2. The calibration method according to claim 1, further comprising, before or during generation of the electric field, contact between the calibration suspension and at least a portion of the impedance-spectroscopic biomass sensor.

3. The calibration method according to claim 2, wherein contact between the calibration suspension and at least a portion of the impedance-spectroscopic biomass sensor includes wetting at least one sensor electrode of the impedance-spectroscopic biomass sensor with calibration suspension.

4. The calibration method according to claim 2, wherein contact between the calibration suspension and at least a portion of the biomass sensor encompasses wetting all sensor electrodes of the impedance-spectroscopic biomass sensor with calibration suspension.

5. The calibration method according to claim 1, further comprising a step of homogenizing the calibration suspension, by stirring and/or shaking the calibration suspension.

6. The calibration method according to claim 5, wherein the homogenizing step is performed before detection of the permittivity values.
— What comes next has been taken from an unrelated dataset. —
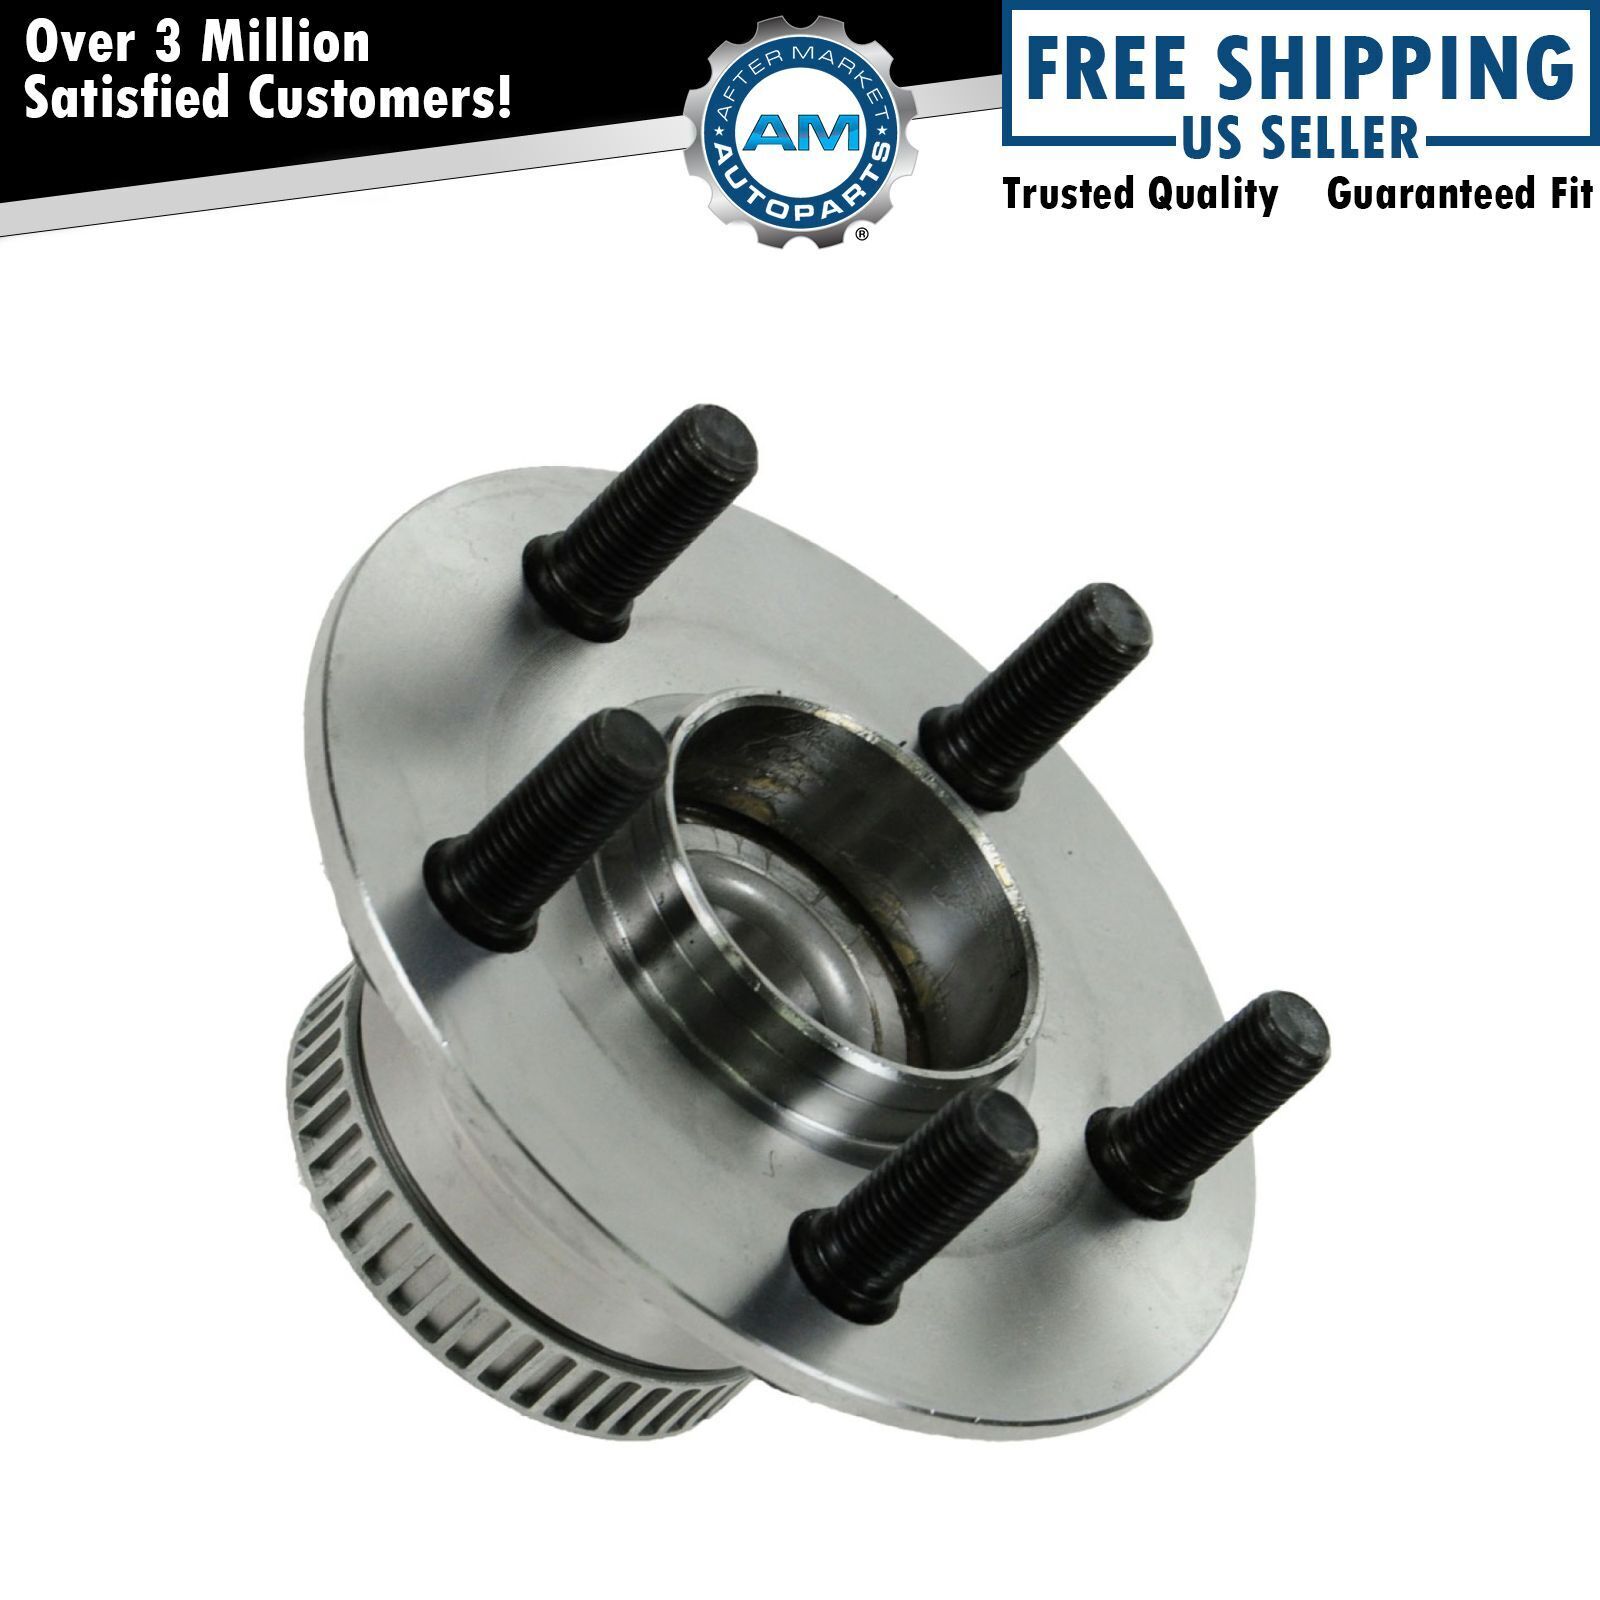 New Rear Wheel Hub and Bearing Assembly for Neon PT Cruiser w/ABS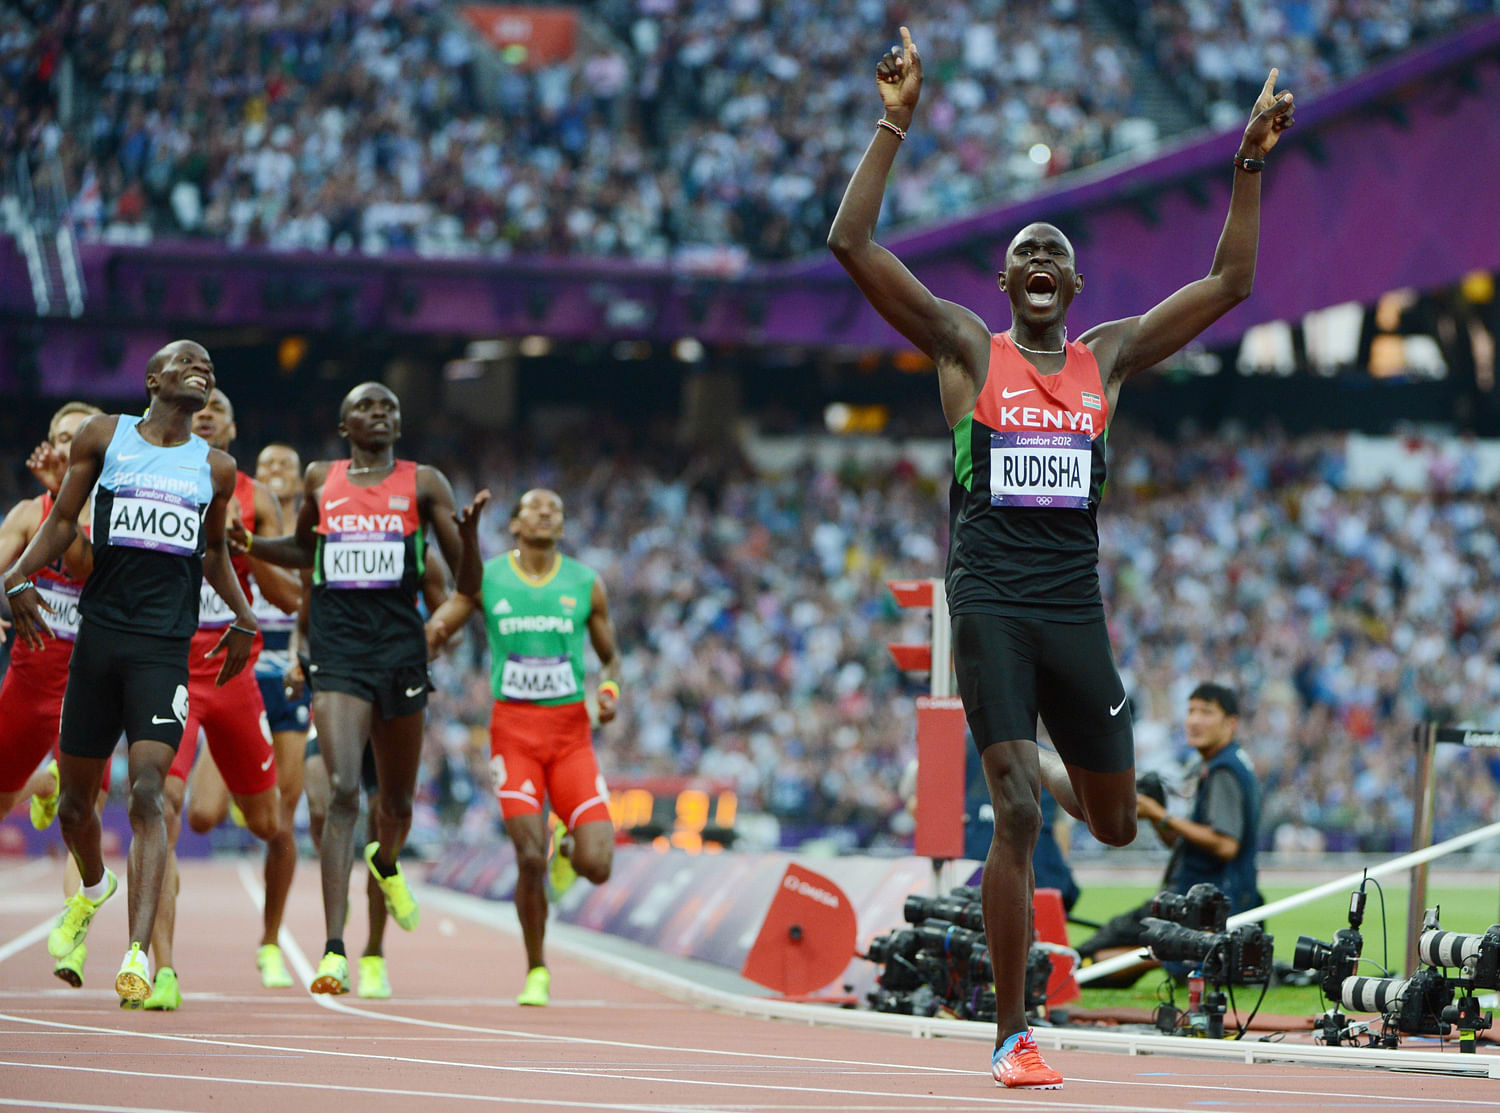 Kenya's gold medalist David Lekuta Rudisha wins the men's 800 final at the athletics event during the London 2012 Olympic Games on August 9, 2012 in London. Rudisha won the men's 800 metres Olympic title in a new world record of 1min 40.91sec. AFP 

7. The calibration method according to claim 5, wherein the homogenizing step is performed immediately before detection of the permittivity values.

8. The calibration method according to claim 1, further comprising adjusting the impedance-spectroscopic biomass sensor, or a data processing apparatus coupled to the impedance-spectroscopic biomass sensor in signal-transferring fashion, in accordance with a result of the comparison of the difference value with the reference value.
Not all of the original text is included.